Labrador Duck

The Labrador Duck is the first North American bird that we are aware of to become extinct. It was rare by the time that Europeans arrived in North America, so information on the bird is a bit sketchy, but it seems to have wintered on the shores of New England, Long Island, and New Jersey, and probably nested and bred in Labrador and Northern Quebec.

Illustration by John Gerrard Keulemans of a female and male

Americans hunted the duck, and you would see the bird for sale in markets in the nineteenth century, but not on a large scale, as the meat rotted quickly, sometimes before it could even be sold,  and apparently didn’t taste very good.
labrador duck

We think that possibly the bird disappeared due to an overly specialized diet, which made it more vulnerable that its more adaptable relatives. The Labrador Duck had a bill that was especially soft, probably for probing sand to find food, with a wide flattened tip.

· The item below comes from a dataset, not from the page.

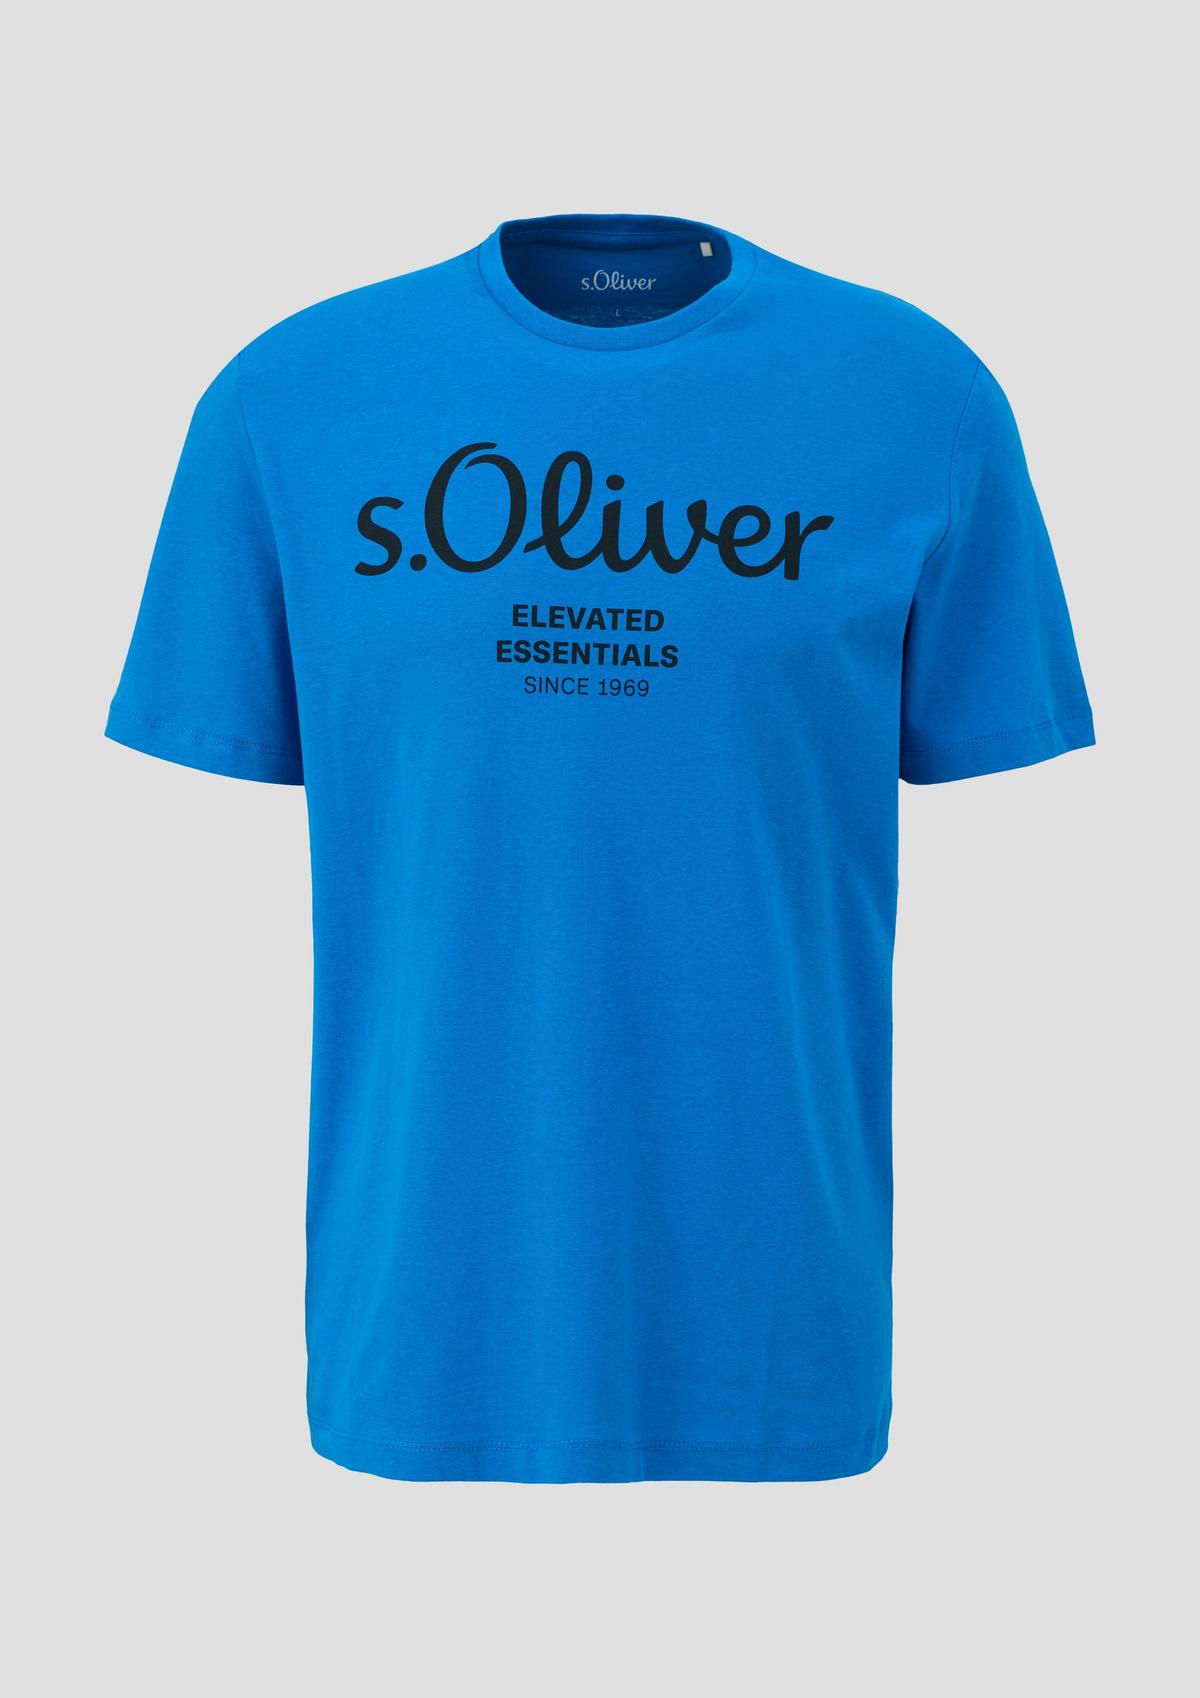 s.Oliver s.Oliver Print-Shirt
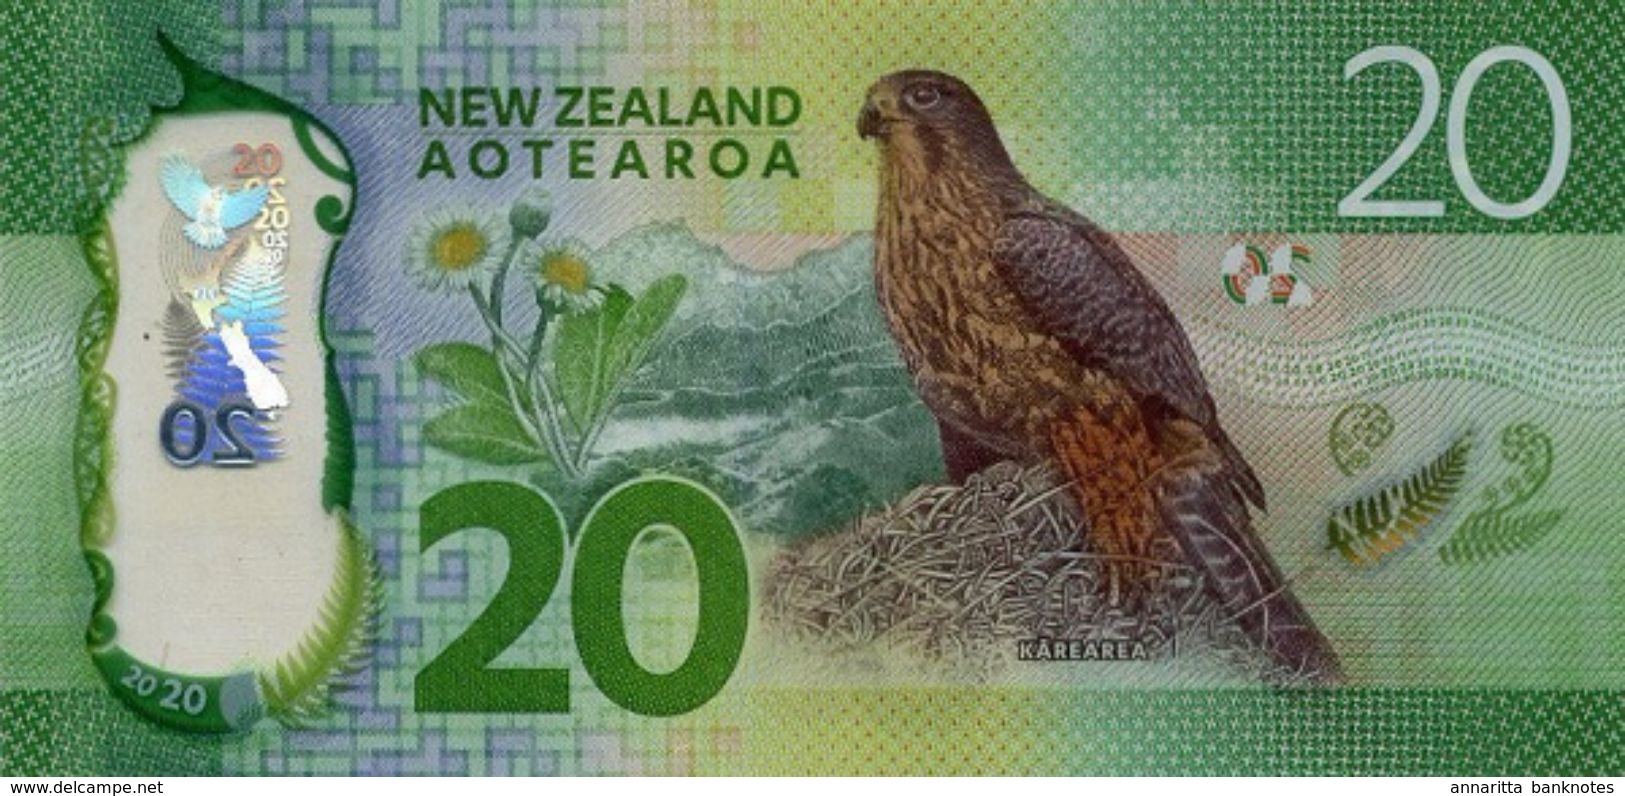 NEW ZEALAND 20 DOLLARS ND (2016) P-193a UNC [NZ139a] - Nieuw-Zeeland

It had many lamella inside–comb-like structures used for filtering food. Biologists think that the structure of the bill suggests that the bird dug for snails, mollusks, and other crustaceans in silt and shallow water: a fairly specific diet. The growth of industry and settlement on the east coast may have caused enough of a decline in the shellfish population that it would also affect the bird’s survival.

 

The last Labrador duck to be seen was in 1875 on Long Island.